Subsequent to Yoo’s memos for the CIA and the DOD, torture and abuse of prisoners continued, with tortures being used in combinations and for extended periods of time on individual prisoners. People in the CIA who were perpetrating or authorizing the tortures remained worried despite the “golden shield,” “get out of jail free cards” that had been issued by Yoo, however. They remained worried particularly because of the effects of the use of tortures in combination, which Yoo had not covered. They demanded new, broader attempted “golden shields,” golden shields that would cover combinations of tortures.
In 2005 Stephen Bradbury was appointed head of OLC on a probationary basis. That is, he was made interim head, with promotion to the prestigious position of permanent head, a position he coveted, being dependent on performance that satisfied his political masters, Gonzales, Cheney and Addington. Bradbury thereupon wrote legal memoranda justifying and seeking to legalize torture, including tortures undertaken in wholesale combinations. His desire for appointment as permanent head of OLC was then realized.
V. WARNINGS GIVEN THE EXECUTIVE ACTORS THAT THEIR ACTIONS WERE ILLEGAL AND MUST STOP -- WARNINGS THAT THEY DELIBERATELY ESCHEWED.
It is claimed by apologists that war criminal culprits should not be prosecuted because they thought what they were doing was lawful. That claim simply cannot be sustained. No person, at least no person of sufficient intelligence to have risen to a responsible level of American government, can reasonably fail to know that the imposition of torture is unlawful and that the imposition of horrible pain and fear by beatings, waterboarding, stringing people up by the arms for hours and days on end, etc., are torture.
Indeed, it was precisely the culprits’ knowledge that what they were doing was illegal torture which caused CIA officers to demand “golden shields” in order to try to escape future prosecutions by pointing to memos authorizing them to commit crimes and giving the President unfettered power to authorize crimes.
Beyond this, with the existence of unlawful torture being obvious to any sensate person, the false legal memos cannot enable the culprits to escape prosecution. The Nuremberg principles set their face against any argument that one can be excused on the ground that he or she was merely following transparently illegal orders, as here.
There is also the important fact that, when they ultimately found out what was going on, a host of persons in the Executive Branch, including both knowledgeable and experienced lawyers as well as laymen, told the culpable actors that what they were writing or doing was illegal, could lead to prosecutions, and must stop.
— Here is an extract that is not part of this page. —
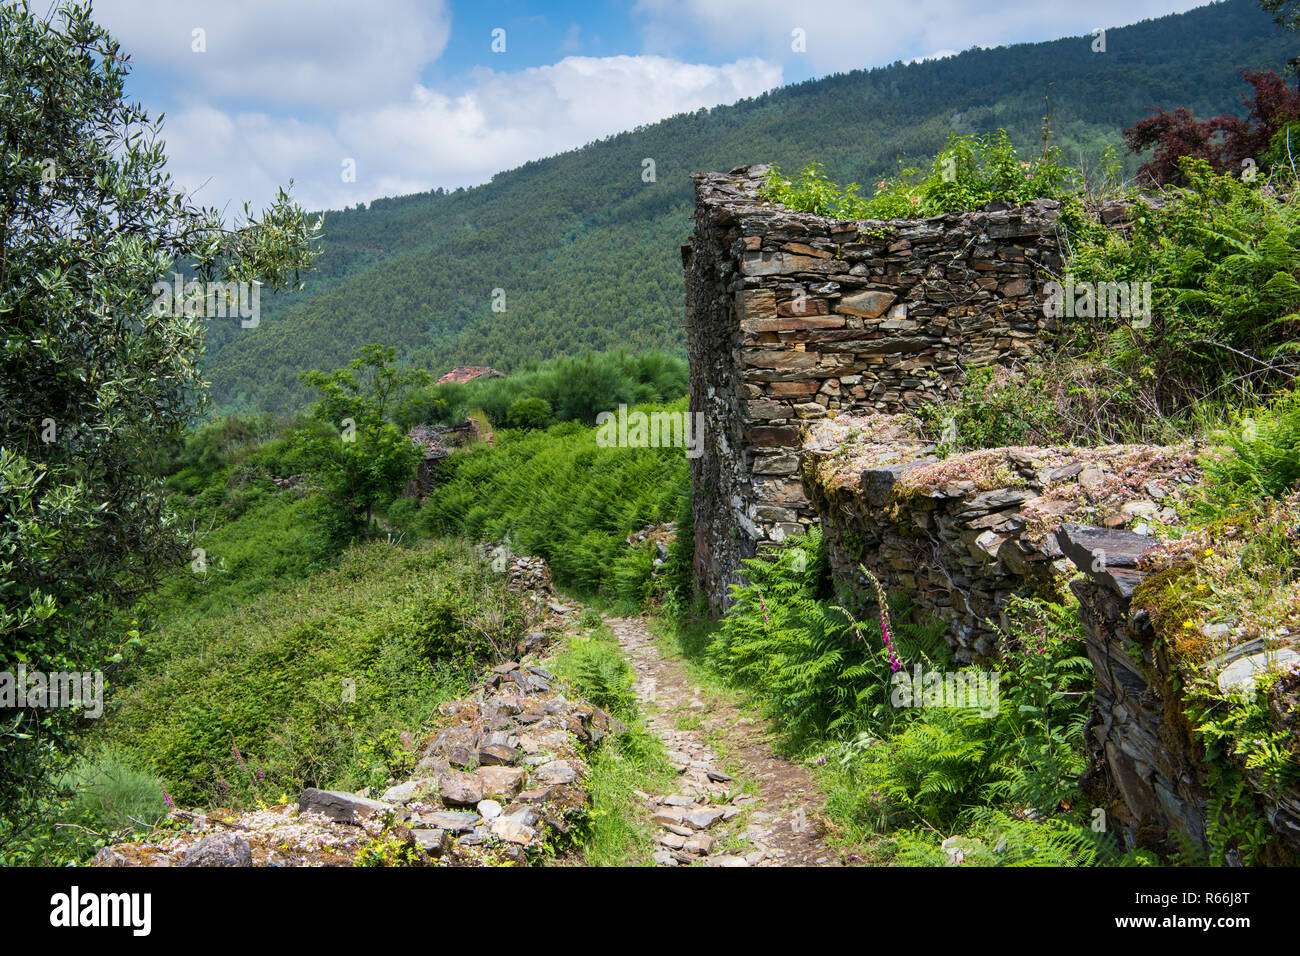 Overgrown ruins and lush landscape along the fern-lined hiking trail to the schist village of Talasnal in the Serra da Lousa mountains of Portugal Stock Photo

But wishing to continue the torture and abuse, the culpable Executive actors deliberately ignored these warnings, and even threatened and verbally abused those who issued them, in order to try to prevent the warnings from continuing.
It is often publicly pretended by the Executive culprits and their apologists, that all the advice they received was in favor of torture. To the contrary. We have here a situation in which they received extensive advice -- which they deliberately chose to ignore -- that what they were doing was illegal and could lead to prosecutions. Such advice came from knowledgeable and experienced persons including FBI agents, agents and officials of other investigative bodies, general counsels of the military services, the Judge Advocates General of the armed services, and State Department officials and lawyers.
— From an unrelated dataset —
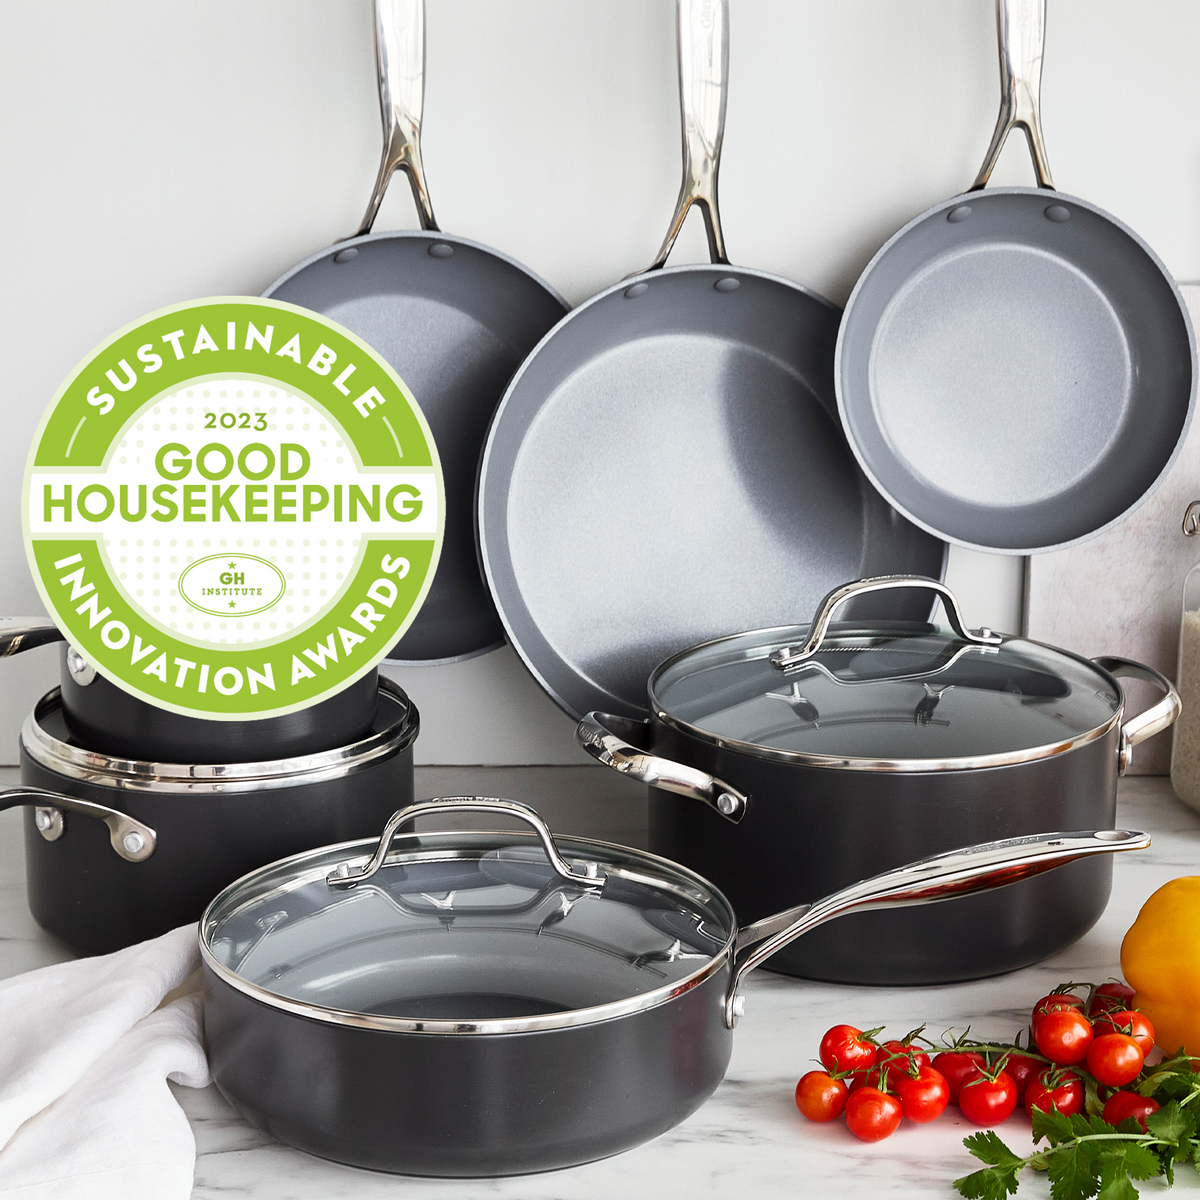 Country Kitchen 16 Piece Pots and Pans Set - Safe Nonstick Ceramic Coating  Kitchen Cookware with Soft Touch Wooden Removable Handle, RV Cookware Set

The following were among the verbal or written warnings, and facts constituting warnings, given to the Executive culprits:
• In an extensive 40-page memo of January 11, 2002, the Legal Adviser to the State Department, William Howard Taft IV, warned that the Geneva Conventions certainly did apply to the war and that Bush’s claim that the enemy was not covered by the Conventions could subject him to prosecution for war crimes.
• Another State Department lawyer, David Bowker, warned that “‘there is no such thing’” as a person who is not covered by the Geneva Conventions.
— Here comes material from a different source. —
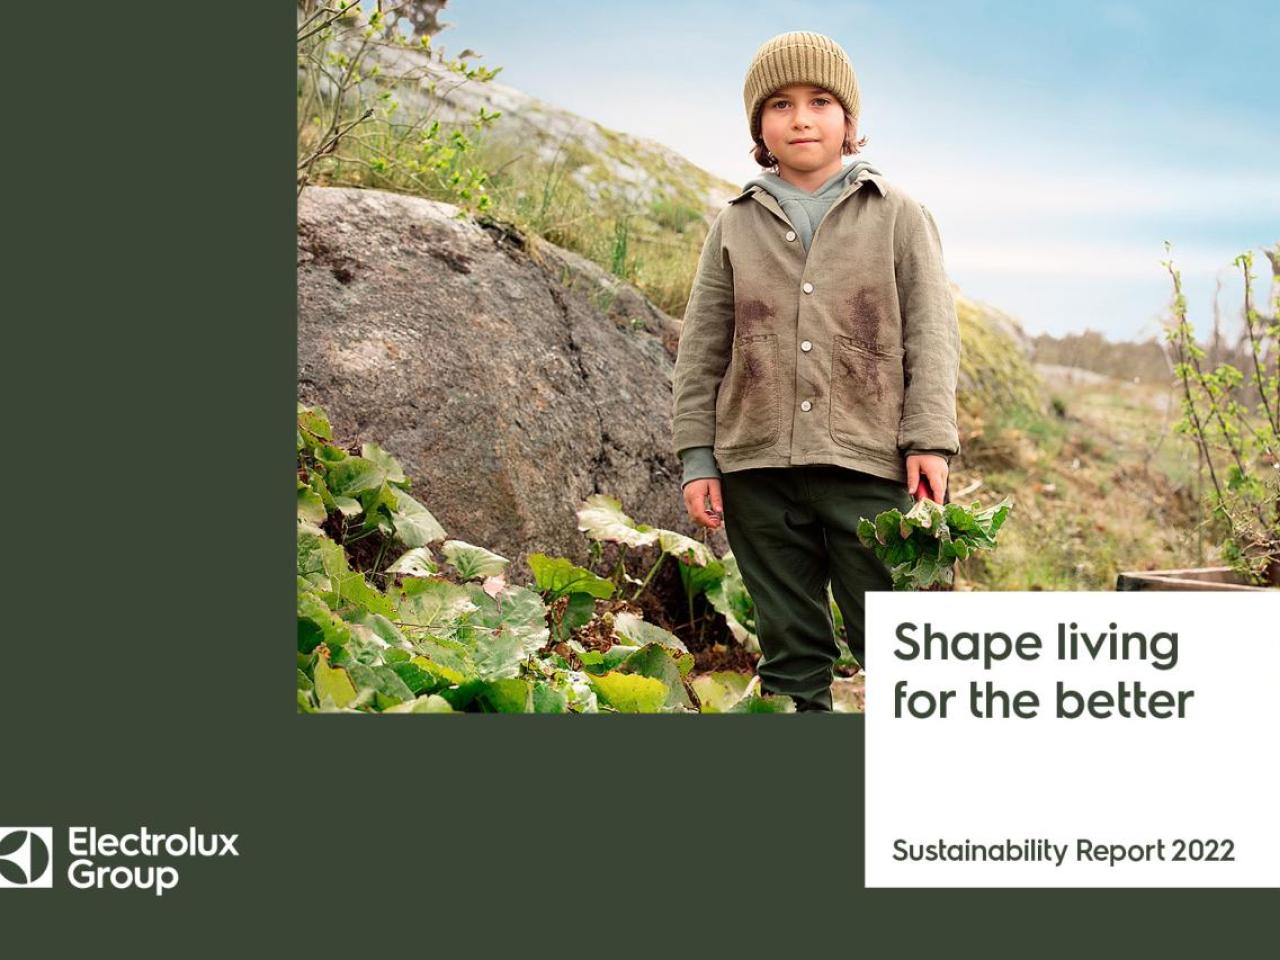 "Shape living for the better Sustainability Report 2022" with Electrolux Group logo and child

• FBI agents were interrogating a prisoner named Abu Zubayda in early 2002, were using traditional methods of questioning, not torture, and were getting excellent information. But because George Bush wanted the “tough guy CIA” to take the lead, the FBI agents were replaced by a CIA team headed by a CIA contract officer named James Mitchell. The CIA team engaged in torture, the FBI unsuccessfully tried to persuade the CIA not to do so, and Zubayda stopped talking.
Appalled by what they were seeing, and fearful that they would be implicated, the FBI agents left Guantanamo. FBI Director Mueller then barred FBI agents from participating in coercive CIA interrogations, a warning-fact well known to many in the Executive.
• The Counterterrorist Center (CTC) of the CIA was headed by Cofer Black and was the terrorist-fighting operation of the CIA. R. Scott Shumate was its chief operational psychologist from 2001-2003. He reported directly to Black. He spoke out against the CIA’s use of torture and abuse, and left the CIA because of this disagreement with the use of torture.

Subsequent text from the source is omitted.